• Anthony Stevens

The Linq FirstOrDefault() Method and Null Resultsets

Software

I was doing some Linq programming and kept hitting the problem where if there were no results to a query, but I wanted to call First() or Single() to get a single row, I kept getting “Sequence contains no elements” exceptions.

There didn’t seem to be an easy way to tell if the resultset was null, because it wasn’t really NULL, not in a C# sense. And trying to get Count() would throw a separate exception if there really was at least one element, because I couldn’t enumerate a sequence more than once.

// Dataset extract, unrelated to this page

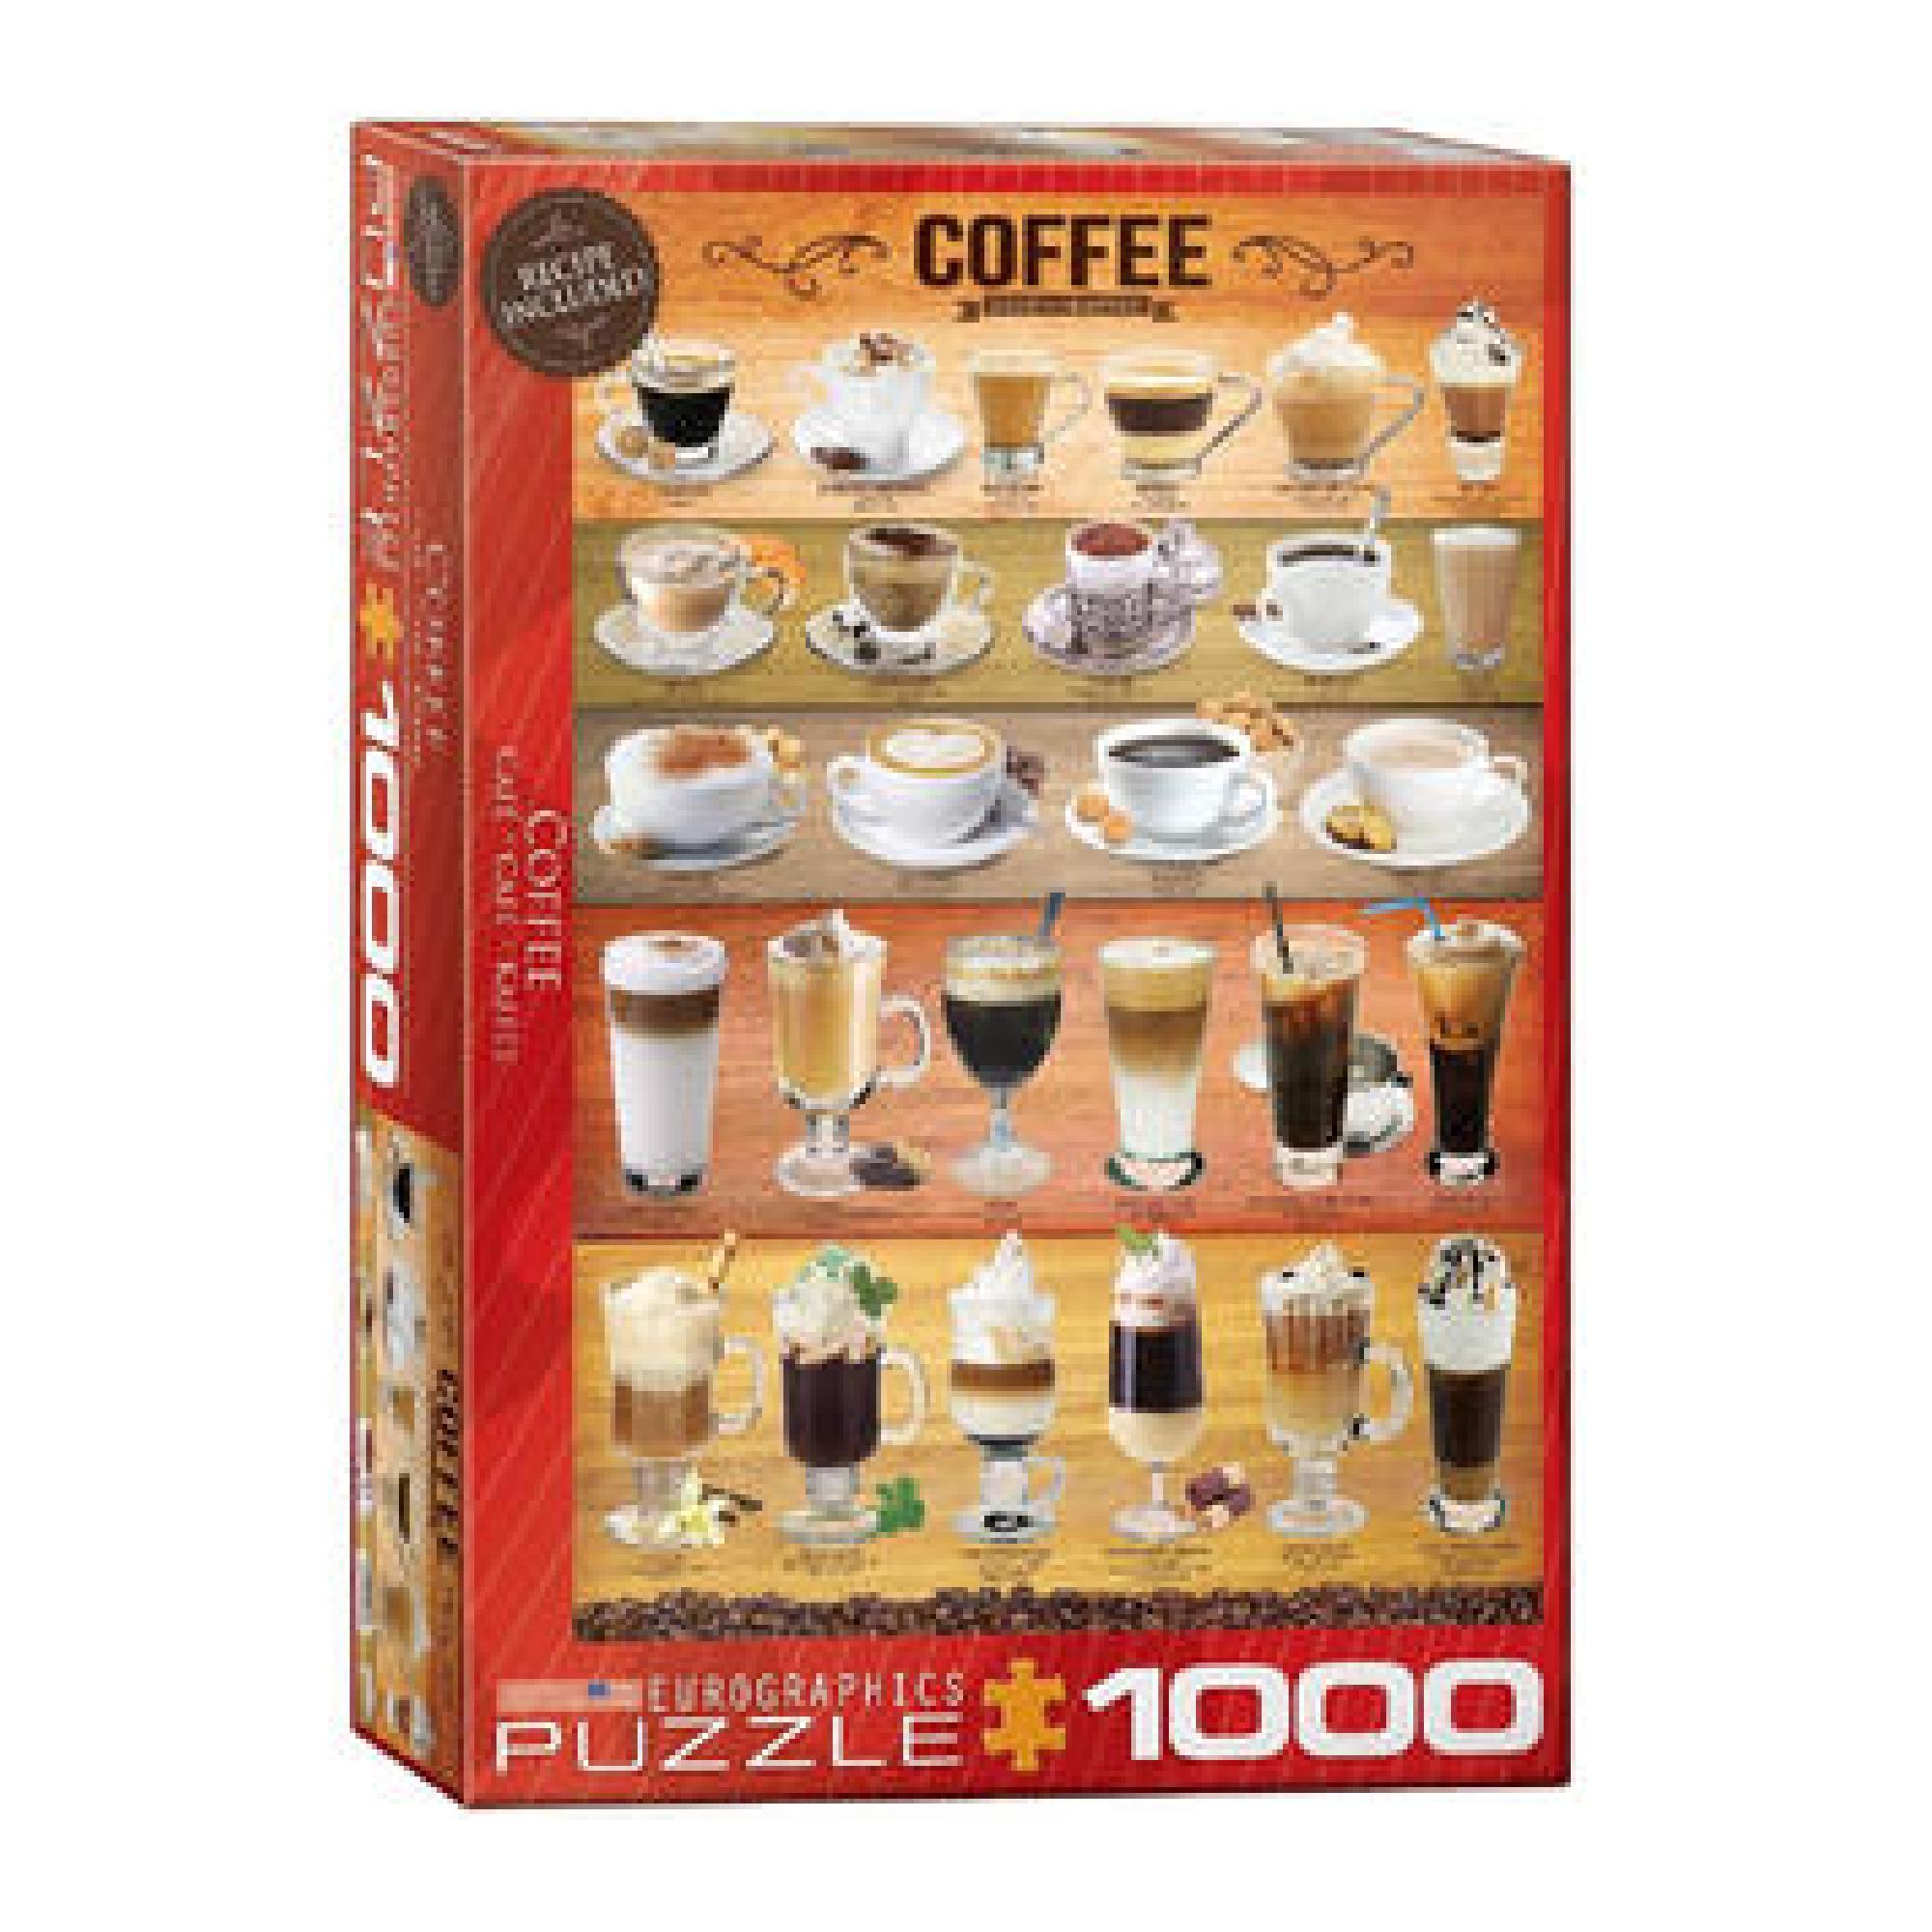 Eurographics Puzzle 1000: Coffee
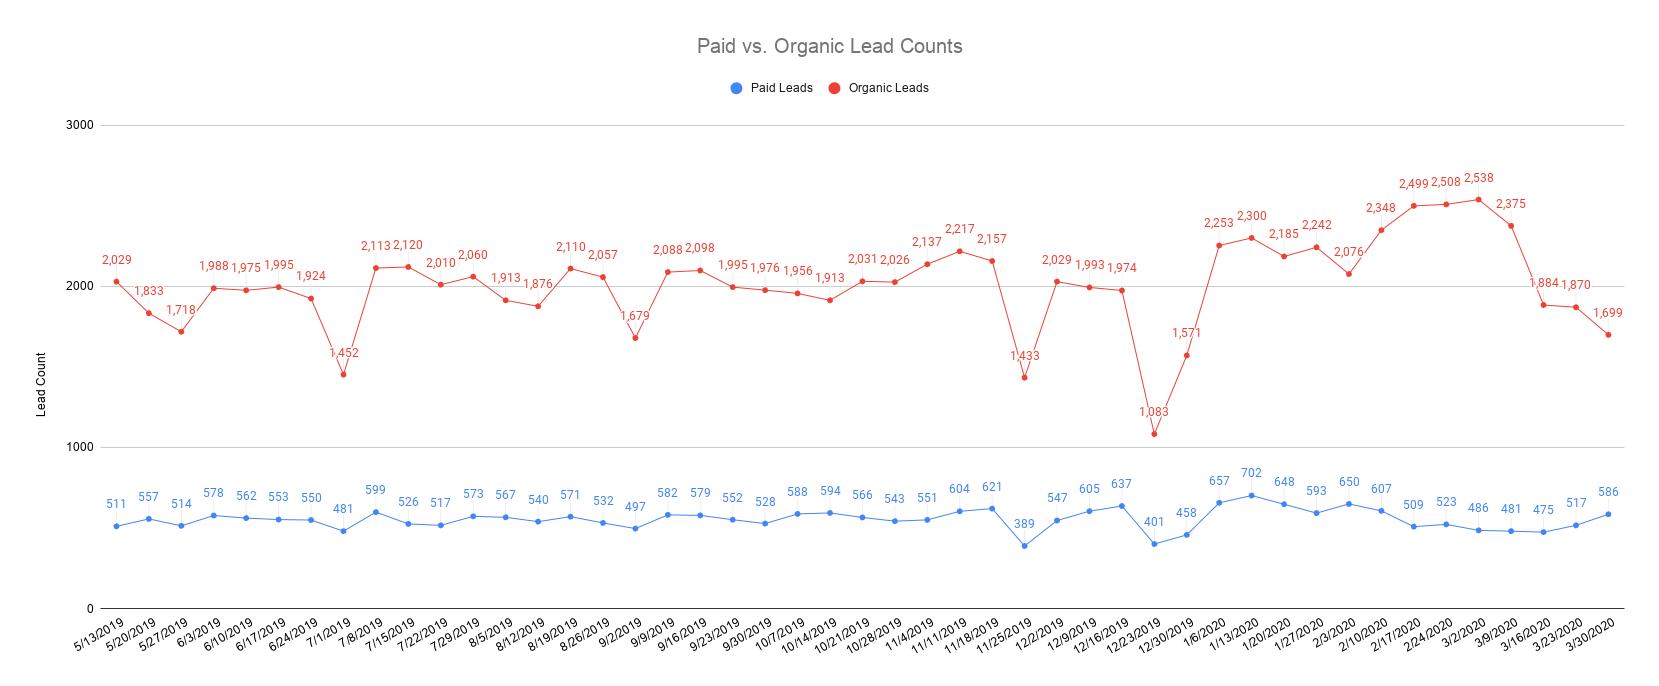 Paid vs. Organic Lead Counts

Luckily an offhand comment by Scott Guthrie on his blog helped me out a lot. Use FirstOrDefault() with a dummy criteria as an argument:

var record = <blah>.GetResult().FirstOrDefault(p => p.id <0)

If there are no results, this code will return NULL to the variable, which you can then easily check in your code.

Thanks Scott!

10 Comments

10 Comments

  1. minhtuan  •  May 9, 2008 @6:12 pm

    thanks so much!

  2. Michael Hanney  •  Jun 12, 2008 @3:06 pm

    Nice. This is exactly what I was looking for. Thanks for posting.

  3. JDS  •  Oct 2, 2008 @2:27 am

    There is an overload for FirstOrDefault that takes no parameters!

  4. Brad Sickles  •  Sep 10, 2009 @10:03 am

    Wouldn’t it make more sense to avoid object instantiation doing this instead?

    int count = .GetResult().Count(p => p.id < 0)

  5. anthonyrstevens  •  Sep 10, 2009 @6:56 pm

    Brad: yeah, if all I was trying to do was get the count. In reality I would like to get the first element of the resultset.

  6. Lanker  •  Oct 5, 2009 @9:35 pm

    Very nice. Thanks alot!

  7. Michael Petty  •  Mar 10, 2010 @12:50 pm

    In order to have a Linq expression return a null value whenever a row is not found in the database or list, we can cast the return value to a nullable type in the Select expression. Here’s an example:

    int productID = 21; // This is a non-existant product ID.
    decimal? price = null; // Initialize the price to a null value.
    price = oc.Products.Where(p => p.ID == productID)
    .Select(p => (decimal?)p.Price)
    .FirstOrDefault();
    // p.Price is defined as Decimal which would return 0 as the default value.
    // The method FirstOrDefault would return a 0 if we didn’t
    // cast p.Price to a “decimal?”

    if (!price.HasValue)
    {
    // A product matching productID was not found.
    }
    else
    {
    // A product matching productID was found.
    }

  8. Trish Rempel  •  Apr 21, 2010 @6:52 am

    Thanks Michael – I had the same linq issue, trying to assign the result to a DateTime? variable.

  9. Adam Tuliper  •  May 7, 2010 @9:24 am

    Just to append to this info – the default value for an object type we define which is what Im assuming is, will be null. So calling .FirstOrDefault() will return null if there are no elements. If it happens to be a list of integers then the default should be 0 in that case, in our custom objects though they will generally be null, no need for a dummy argument. Scott Gu’s example was simply to replace the Single(some criteria). If you dont have the criteria you are searching for then no ‘dummy argument’ is required

  10. stray  •  Apr 23, 2011 @2:16 pm

    thank you!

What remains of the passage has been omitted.